A bounded derivative means that the derivative, or the instantaneous rate of change, of a function does not exceed a certain constant. This is crucial because it controls how sharply or steeply a function can ascend or descend. To say a function has a bounded derivative is to say there exists a value \( M > 0 \) such that for every point \( x \) in the function's domain, the absolute value of the derivative, \( |f'(x)| \), is less than or equal to \( M \). This implies:

• The function is not changing too rapidly at any point.
• There are no extreme spikes or valleys without limit.
• Its graph is smooth and does not have breaks or sharp turns.

When differentiability combines with a bounded derivative, as in our exercise, it sets the stage for proving Lipschitz continuity. If a function behaves nicely and has a limited rate of change, it is easier to predict and estimate differences between function values, leading us to the concept of Lipschitz continuity.

The Mean Value Theorem (MVT) is a powerful tool in calculus that connects the derivative of a function with its overall change over an interval. It states that for a function \( f \) which is continuous on a closed interval \([a, b]\) and differentiable on the open interval \((a, b)\), there exists some point \( c \) in \( (a, b) \) such that:\[ f'(c) = \frac{f(b) - f(a)}{b - a}. \]This theorem essentially says that somewhere between any two points \( a \) and \( b \), the function must have a tangent that is parallel to the secant joining them. Key insights include:

• MVT assures us that the average rate of change is realized at some point within the interval.
• This equivalently means that \(|f(b) - f(a)|\) can be understood or estimated using \(|f'(c)|\times|b-a|\).
• It's a cornerstone in proving properties like Lipschitz continuity when combined with a bounded derivative.

The MVT gives us a bridge from knowing something about local behavior (derivative) to understanding the global behavior of the function, an essential concept when proving Lipschitz continuity.

A differentiable function is one that has a derivative at every point in its domain. In essence, at each point \( x \), the function \( f \) can be locally approximated by a line (tangent), and this line changes smoothly without jumping or discontinuities. Differentiability entails:

• Continuity - the function has no gaps or jumps.
• Smoothness - the function does not have sharp corners (cusps).
• Predictability - knowing the function's behavior locally through its derivative.

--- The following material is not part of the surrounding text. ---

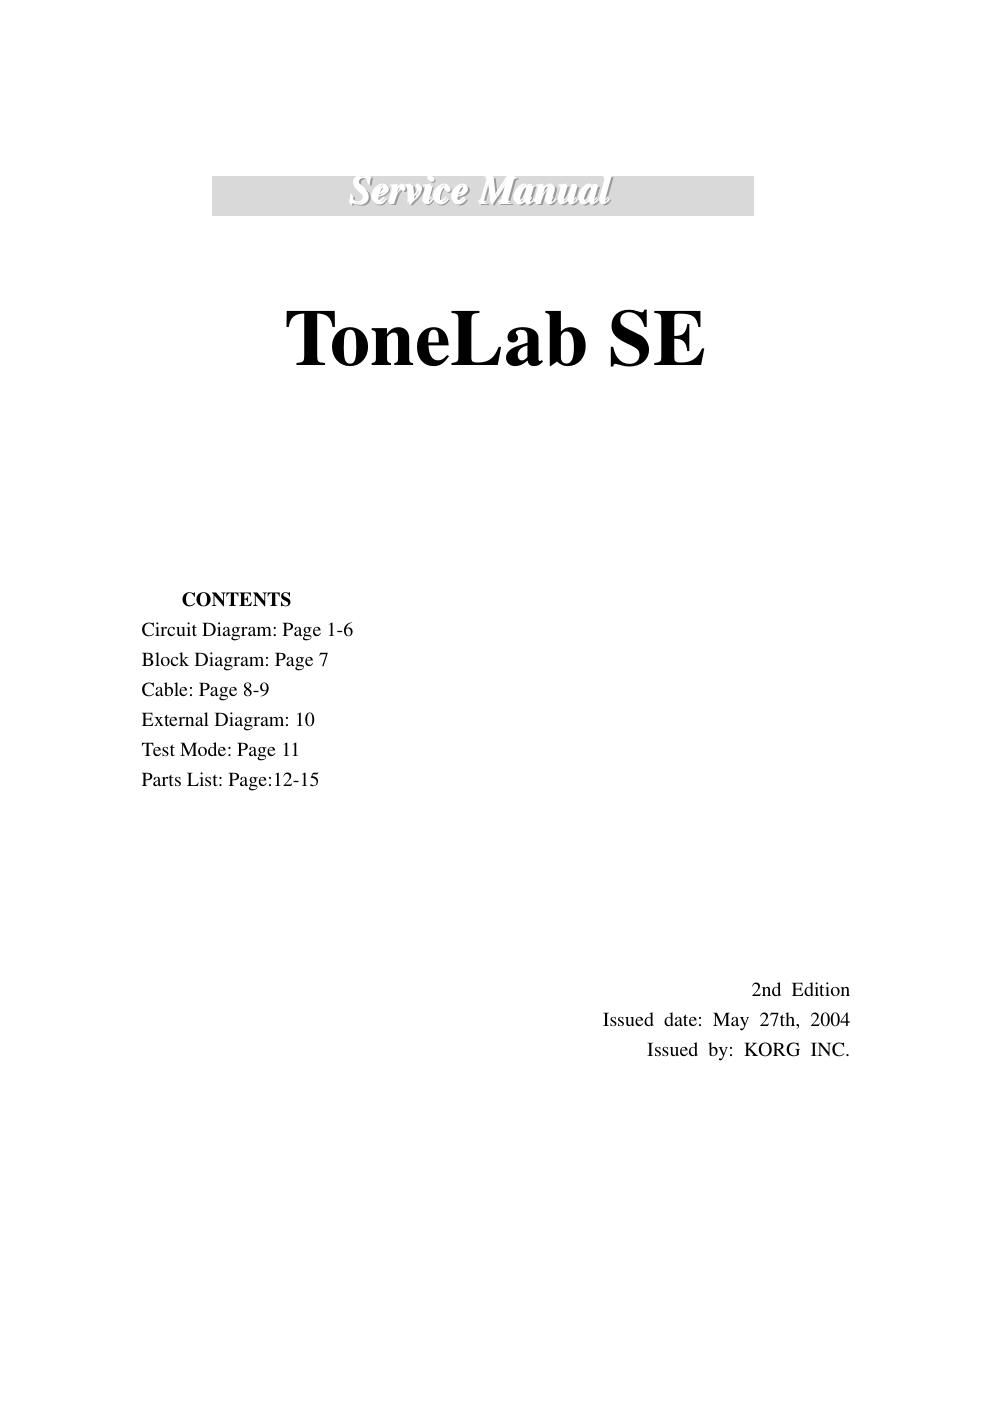 vox tone lab se service manual

If a function is differentiable, it behaves tenderly and predictably over its domain. This predictability leads to useful applications in analyzing the function using its derivatives, as seen in proving more complex properties like Lipschitz continuity. In our exercise, differentiability ensures that the function and its bounded derivative are well-defined across the domain, setting up the steps needed to confirm the Lipschitz condition.